TASK —
Would you write the data out once more, exactly as it is?

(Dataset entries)

========================================================================

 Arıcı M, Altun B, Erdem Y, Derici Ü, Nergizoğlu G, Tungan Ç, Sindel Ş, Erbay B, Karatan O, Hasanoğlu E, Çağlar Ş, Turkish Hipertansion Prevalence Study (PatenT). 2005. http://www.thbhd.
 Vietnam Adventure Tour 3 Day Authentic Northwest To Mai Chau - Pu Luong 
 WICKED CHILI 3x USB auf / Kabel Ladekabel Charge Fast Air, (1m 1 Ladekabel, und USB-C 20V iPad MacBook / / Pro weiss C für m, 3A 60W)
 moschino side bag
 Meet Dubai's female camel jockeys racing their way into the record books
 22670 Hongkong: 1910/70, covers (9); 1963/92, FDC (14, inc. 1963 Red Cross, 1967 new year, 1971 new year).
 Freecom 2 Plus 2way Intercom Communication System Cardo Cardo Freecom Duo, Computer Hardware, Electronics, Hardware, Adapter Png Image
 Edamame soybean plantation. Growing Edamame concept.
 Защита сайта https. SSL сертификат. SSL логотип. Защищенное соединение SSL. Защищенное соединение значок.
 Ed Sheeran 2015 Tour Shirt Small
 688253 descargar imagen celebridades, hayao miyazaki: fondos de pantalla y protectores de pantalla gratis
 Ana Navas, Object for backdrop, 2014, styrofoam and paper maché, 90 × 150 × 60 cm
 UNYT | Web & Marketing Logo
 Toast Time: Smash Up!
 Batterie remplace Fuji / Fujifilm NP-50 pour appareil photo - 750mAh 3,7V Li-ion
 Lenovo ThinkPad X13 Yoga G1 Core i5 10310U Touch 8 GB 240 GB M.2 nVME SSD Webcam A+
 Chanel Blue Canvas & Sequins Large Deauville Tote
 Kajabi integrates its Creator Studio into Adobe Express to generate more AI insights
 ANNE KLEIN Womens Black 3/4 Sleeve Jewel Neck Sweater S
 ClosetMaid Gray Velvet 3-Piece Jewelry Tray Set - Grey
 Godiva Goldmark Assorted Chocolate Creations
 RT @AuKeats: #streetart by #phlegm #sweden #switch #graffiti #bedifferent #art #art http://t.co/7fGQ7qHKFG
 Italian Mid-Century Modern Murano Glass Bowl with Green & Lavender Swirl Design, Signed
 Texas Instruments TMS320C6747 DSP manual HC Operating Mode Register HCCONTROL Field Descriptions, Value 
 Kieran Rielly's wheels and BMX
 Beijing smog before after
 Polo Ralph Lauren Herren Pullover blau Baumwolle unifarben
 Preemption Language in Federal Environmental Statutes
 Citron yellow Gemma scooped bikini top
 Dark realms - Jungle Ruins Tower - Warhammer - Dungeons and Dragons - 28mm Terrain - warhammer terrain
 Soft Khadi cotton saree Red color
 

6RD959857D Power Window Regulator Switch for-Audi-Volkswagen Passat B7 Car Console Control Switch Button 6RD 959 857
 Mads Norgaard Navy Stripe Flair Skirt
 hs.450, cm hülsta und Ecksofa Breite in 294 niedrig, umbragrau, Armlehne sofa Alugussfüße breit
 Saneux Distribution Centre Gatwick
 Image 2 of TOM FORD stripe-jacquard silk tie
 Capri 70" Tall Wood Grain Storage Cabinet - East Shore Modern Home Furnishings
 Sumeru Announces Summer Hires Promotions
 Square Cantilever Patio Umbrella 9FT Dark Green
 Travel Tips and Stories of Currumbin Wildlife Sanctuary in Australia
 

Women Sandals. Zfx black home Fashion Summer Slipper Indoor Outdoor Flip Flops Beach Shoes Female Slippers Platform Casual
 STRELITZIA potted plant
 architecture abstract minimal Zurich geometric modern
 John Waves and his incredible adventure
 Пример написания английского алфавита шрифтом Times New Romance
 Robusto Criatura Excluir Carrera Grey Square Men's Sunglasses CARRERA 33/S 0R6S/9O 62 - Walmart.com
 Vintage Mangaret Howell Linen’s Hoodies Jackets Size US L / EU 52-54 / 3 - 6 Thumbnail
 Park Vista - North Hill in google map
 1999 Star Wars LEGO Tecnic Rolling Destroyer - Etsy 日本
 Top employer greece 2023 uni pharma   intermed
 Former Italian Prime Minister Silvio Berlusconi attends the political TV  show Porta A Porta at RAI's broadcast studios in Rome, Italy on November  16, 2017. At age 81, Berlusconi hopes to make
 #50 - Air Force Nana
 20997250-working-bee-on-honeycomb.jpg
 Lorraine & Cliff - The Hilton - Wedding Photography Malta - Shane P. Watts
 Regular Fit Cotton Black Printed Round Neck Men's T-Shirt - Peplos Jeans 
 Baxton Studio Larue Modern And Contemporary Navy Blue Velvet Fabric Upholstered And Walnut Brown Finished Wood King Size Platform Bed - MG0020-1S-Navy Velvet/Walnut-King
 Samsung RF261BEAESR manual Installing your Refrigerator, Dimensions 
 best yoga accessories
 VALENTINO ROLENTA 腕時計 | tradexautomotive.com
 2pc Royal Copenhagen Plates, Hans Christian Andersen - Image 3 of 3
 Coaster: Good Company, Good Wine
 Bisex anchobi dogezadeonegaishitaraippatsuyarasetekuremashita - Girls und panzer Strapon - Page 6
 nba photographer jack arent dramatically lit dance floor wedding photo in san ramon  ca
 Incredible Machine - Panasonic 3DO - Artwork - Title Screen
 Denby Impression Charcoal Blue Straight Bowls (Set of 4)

========================================================================

RESPONSE TO THE EXERCISE —
 Arıcı M, Altun B, Erdem Y, Derici Ü, Nergizoğlu G, Tungan Ç, Sindel Ş, Erbay B, Karatan O, Hasanoğlu E, Çağlar Ş, Turkish Hipertansion Prevalence Study (PatenT). 2005. http://www.thbhd.
 Vietnam Adventure Tour 3 Day Authentic Northwest To Mai Chau - Pu Luong 
 WICKED CHILI 3x USB auf / Kabel Ladekabel Charge Fast Air, (1m 1 Ladekabel, und USB-C 20V iPad MacBook / / Pro weiss C für m, 3A 60W)
 moschino side bag
 Meet Dubai's female camel jockeys racing their way into the record books
 22670 Hongkong: 1910/70, covers (9); 1963/92, FDC (14, inc. 1963 Red Cross, 1967 new year, 1971 new year).
 Freecom 2 Plus 2way Intercom Communication System Cardo Cardo Freecom Duo, Computer Hardware, Electronics, Hardware, Adapter Png Image
 Edamame soybean plantation. Growing Edamame concept.
 Защита сайта https. SSL сертификат. SSL логотип. Защищенное соединение SSL. Защищенное соединение значок.
 Ed Sheeran 2015 Tour Shirt Small
 688253 descargar imagen celebridades, hayao miyazaki: fondos de pantalla y protectores de pantalla gratis
 Ana Navas, Object for backdrop, 2014, styrofoam and paper maché, 90 × 150 × 60 cm
 UNYT | Web & Marketing Logo
 Toast Time: Smash Up!
 Batterie remplace Fuji / Fujifilm NP-50 pour appareil photo - 750mAh 3,7V Li-ion
 Lenovo ThinkPad X13 Yoga G1 Core i5 10310U Touch 8 GB 240 GB M.2 nVME SSD Webcam A+
 Chanel Blue Canvas & Sequins Large Deauville Tote
 Kajabi integrates its Creator Studio into Adobe Express to generate more AI insights
 ANNE KLEIN Womens Black 3/4 Sleeve Jewel Neck Sweater S
 ClosetMaid Gray Velvet 3-Piece Jewelry Tray Set - Grey
 Godiva Goldmark Assorted Chocolate Creations
 RT @AuKeats: #streetart by #phlegm #sweden #switch #graffiti #bedifferent #art #art http://t.co/7fGQ7qHKFG
 Italian Mid-Century Modern Murano Glass Bowl with Green & Lavender Swirl Design, Signed
 Texas Instruments TMS320C6747 DSP manual HC Operating Mode Register HCCONTROL Field Descriptions, Value 
 Kieran Rielly's wheels and BMX
 Beijing smog before after
 Polo Ralph Lauren Herren Pullover blau Baumwolle unifarben
 Preemption Language in Federal Environmental Statutes
 Citron yellow Gemma scooped bikini top
 Dark realms - Jungle Ruins Tower - Warhammer - Dungeons and Dragons - 28mm Terrain - warhammer terrain
 Soft Khadi cotton saree Red color
 

6RD959857D Power Window Regulator Switch for-Audi-Volkswagen Passat B7 Car Console Control Switch Button 6RD 959 857
 Mads Norgaard Navy Stripe Flair Skirt
 hs.450, cm hülsta und Ecksofa Breite in 294 niedrig, umbragrau, Armlehne sofa Alugussfüße breit
 Saneux Distribution Centre Gatwick
 Image 2 of TOM FORD stripe-jacquard silk tie
 Capri 70" Tall Wood Grain Storage Cabinet - East Shore Modern Home Furnishings
 Sumeru Announces Summer Hires Promotions
 Square Cantilever Patio Umbrella 9FT Dark Green
 Travel Tips and Stories of Currumbin Wildlife Sanctuary in Australia
 

Women Sandals. Zfx black home Fashion Summer Slipper Indoor Outdoor Flip Flops Beach Shoes Female Slippers Platform Casual
 STRELITZIA potted plant
 architecture abstract minimal Zurich geometric modern
 John Waves and his incredible adventure
 Пример написания английского алфавита шрифтом Times New Romance
 Robusto Criatura Excluir Carrera Grey Square Men's Sunglasses CARRERA 33/S 0R6S/9O 62 - Walmart.com
 Vintage Mangaret Howell Linen’s Hoodies Jackets Size US L / EU 52-54 / 3 - 6 Thumbnail
 Park Vista - North Hill in google map
 1999 Star Wars LEGO Tecnic Rolling Destroyer - Etsy 日本
 Top employer greece 2023 uni pharma   intermed
 Former Italian Prime Minister Silvio Berlusconi attends the political TV  show Porta A Porta at RAI's broadcast studios in Rome, Italy on November  16, 2017. At age 81, Berlusconi hopes to make
 #50 - Air Force Nana
 20997250-working-bee-on-honeycomb.jpg
 Lorraine & Cliff - The Hilton - Wedding Photography Malta - Shane P. Watts
 Regular Fit Cotton Black Printed Round Neck Men's T-Shirt - Peplos Jeans 
 Baxton Studio Larue Modern And Contemporary Navy Blue Velvet Fabric Upholstered And Walnut Brown Finished Wood King Size Platform Bed - MG0020-1S-Navy Velvet/Walnut-King
 Samsung RF261BEAESR manual Installing your Refrigerator, Dimensions 
 best yoga accessories
 VALENTINO ROLENTA 腕時計 | tradexautomotive.com
 2pc Royal Copenhagen Plates, Hans Christian Andersen - Image 3 of 3
 Coaster: Good Company, Good Wine
 Bisex anchobi dogezadeonegaishitaraippatsuyarasetekuremashita - Girls und panzer Strapon - Page 6
 nba photographer jack arent dramatically lit dance floor wedding photo in san ramon  ca
 Incredible Machine - Panasonic 3DO - Artwork - Title Screen
 Denby Impression Charcoal Blue Straight Bowls (Set of 4)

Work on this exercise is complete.